Disisi lain, Jokowi juga tengah dihadapkan pada persoalan pelik, dimana partainya sendiri, PDI-P belum memutuskan sikap terkait pencapresan dirinya. Adalah hal wajar, jika seorang incumbent ingin kembali menjabat, namun sinyal itu belum terlihat dari PDI-P. Jokowi, meski mengantongi tiket dari Partai NasDem, Hanura dan PPP, namun itu belum cukup untuk dicalonkan.

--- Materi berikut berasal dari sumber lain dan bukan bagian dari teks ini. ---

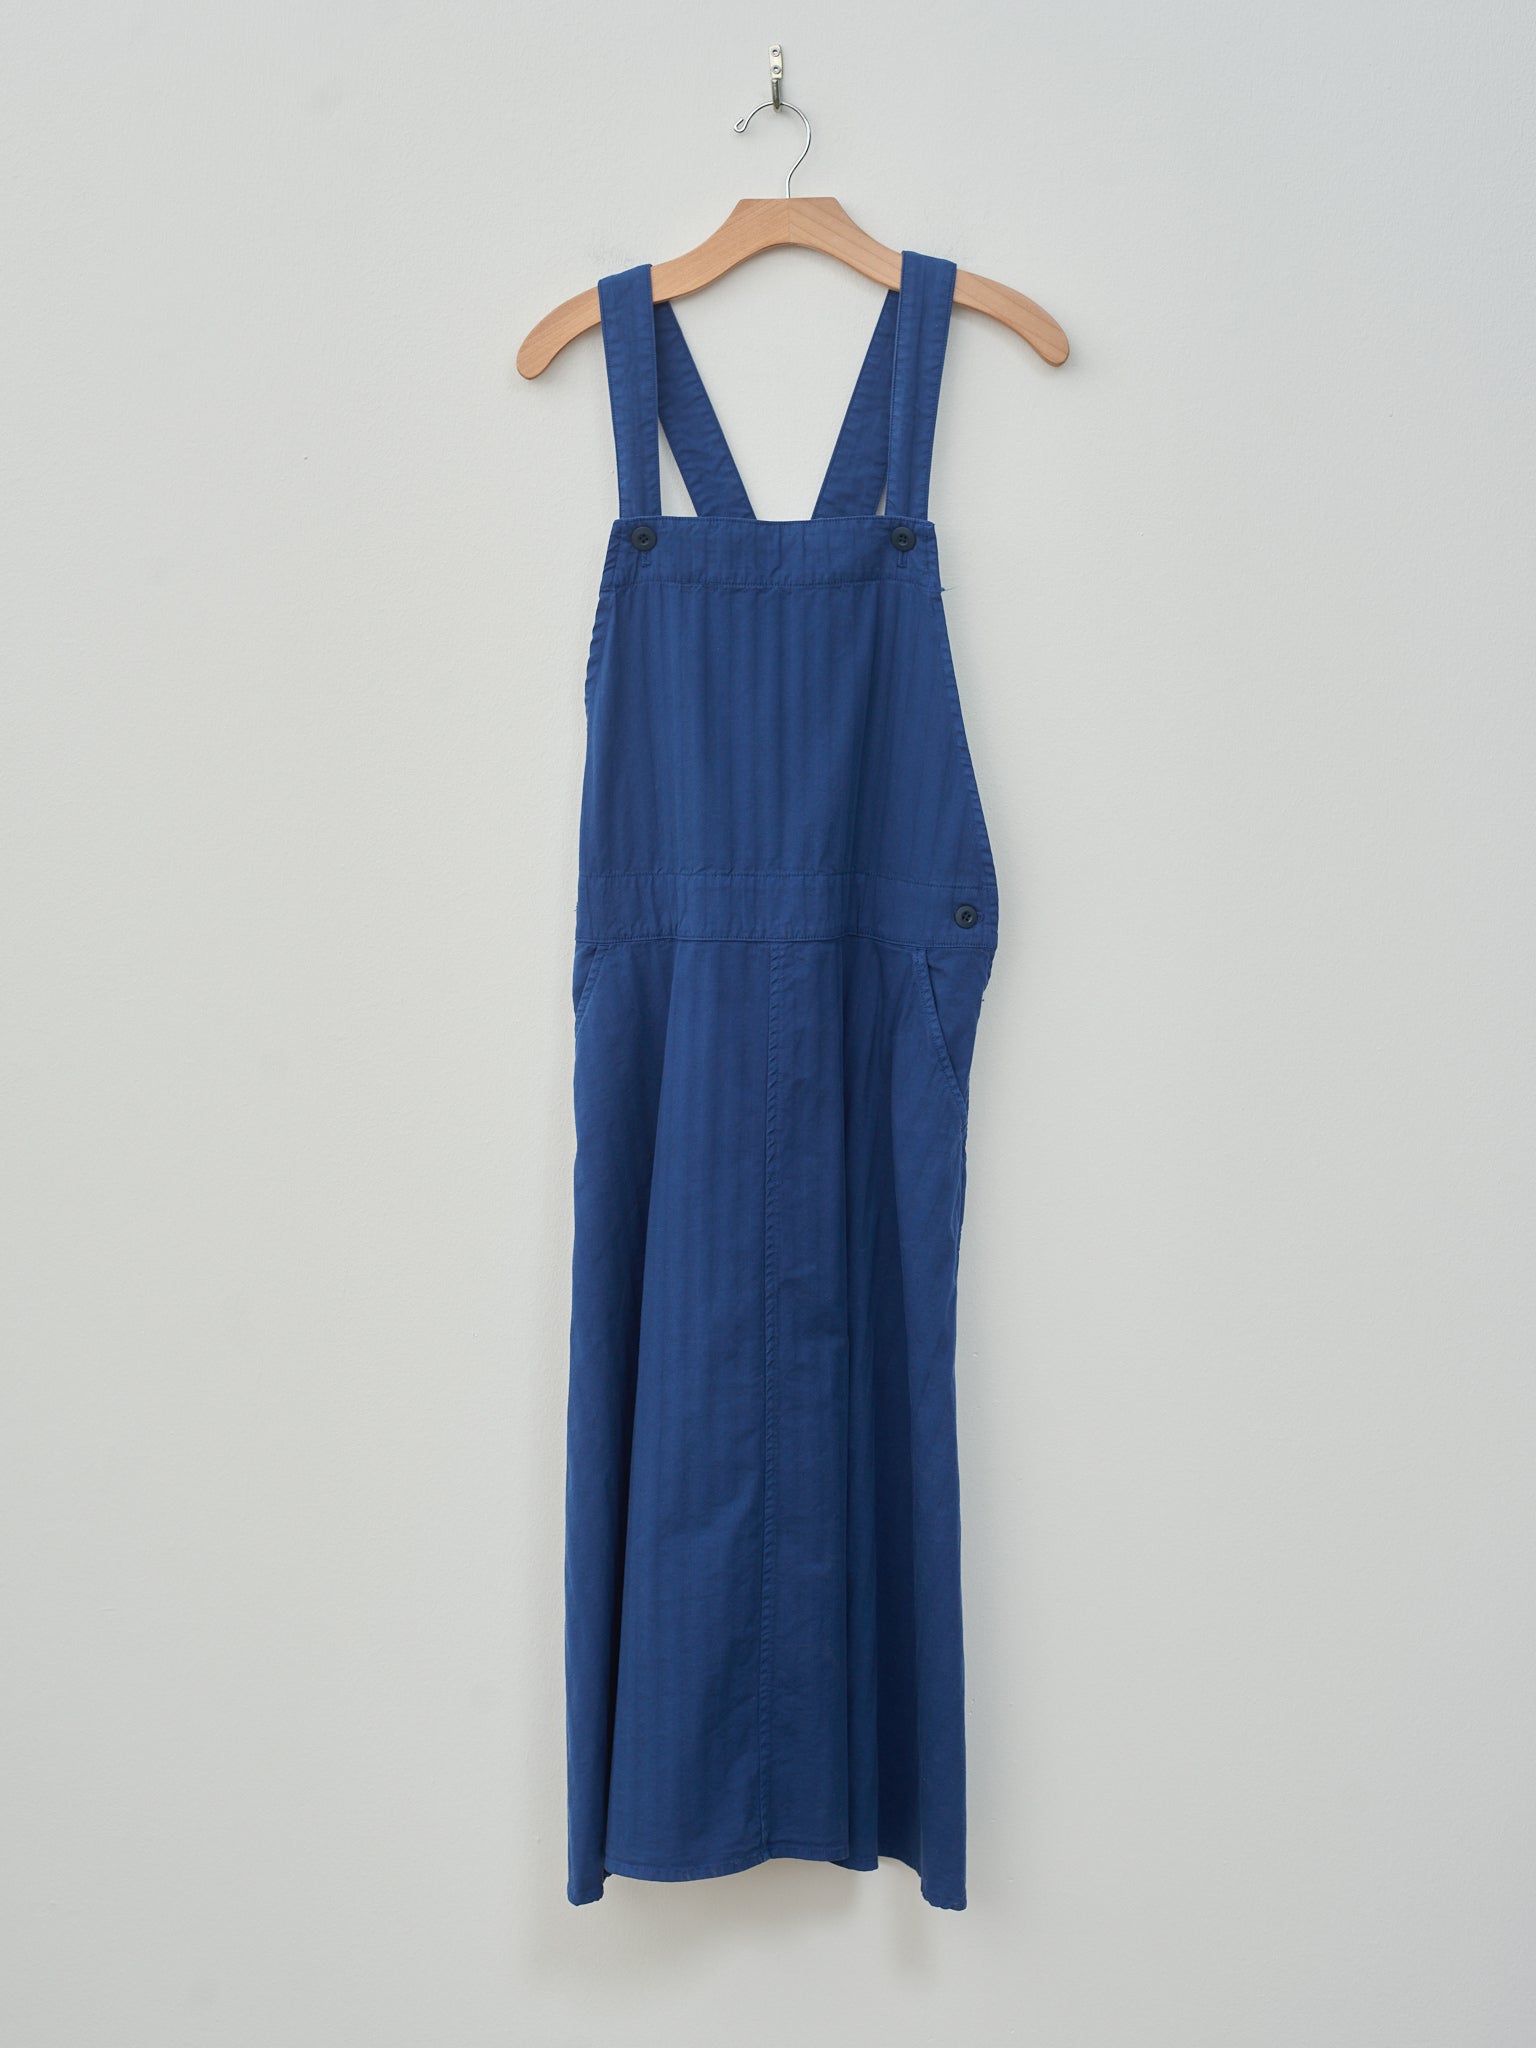 Namu Shop - ts(s) Garment Dyed Wide Herringbone Bib Overall Skirt - Royal

Selain mempertahankan elektabilitasnya, Jokowi juga dihadapkan pada faktor atau variabel lain yang akan mempengaruhi pilihan masyarakat kepadanya. Fakor itu adalah isu sosial, isu ekonomi, isu keamanan dan alasan kesamaan budaya. Empat hal inilah yang membentuk aspirasi politik individu dan masyarakat.
Faktor keamanan misalnya, saat ini menjadi sorotan tajam, dimana di tahun politik kasus kasus penyerangan terhadap tokoh agama marak terjadi. Hal ini membuat tunjuk mengarah pada Jokowi.
Sebagai Kepala Negara, Ia dituntut untuk mampu menciptakan situasi yang aman. Penyerangan terhadap tokoh ulama disinyalir berbagai pihak sebagai skenario yang ingin merusak ketenangan di tahun politik. Presiden kembali dihadapkan pada persoalan pelik.
Disisi lain faktor ekonomi. banyaknya kicauan dan postingan bernada protes di media sosial yang saat ini sudah sampai ke ruang ruang pribadi setiap warga negara akan mempengaruhi elektabilitas Jokowi.
Namun, yang menjadi pertanyaan, sejauh mana lawan lawan politik Jokowi mengkapitalisasi isu melemahnya dukungan itu untuk kepentingan politik mereka. itu juga belum terlihat. Partai partai politik selain Gerindra cenderung menunggu sambil mencari celah untuk merapat ke Jokowi. Bahkan hal ini juga dilakukan oleh Partai Keadilan Sejahtera. Ingat pidato Presiden PKS Sohibul Imam yang viral itu, seolah olah PKS berharap dilirik Jokowi sebagai tandem. Praktis tinggal hanya Partai Demokrat dan Gerindra yang masih belum menunjukkan sinyal.
Dan jika mengacu pada kajian survey Poltracking, maka skenario Pilpres bahwa Jokowi vs Prabowo vs Poros Ketiga bisa saja terjadi. Sebab, jika pilihannya adalah Jokowi vs Prabowo, maka publik akan menunggu adakah pilihan selain mereka berdua?. Jika ada bukan tidak mungkin arah angin akan berubah.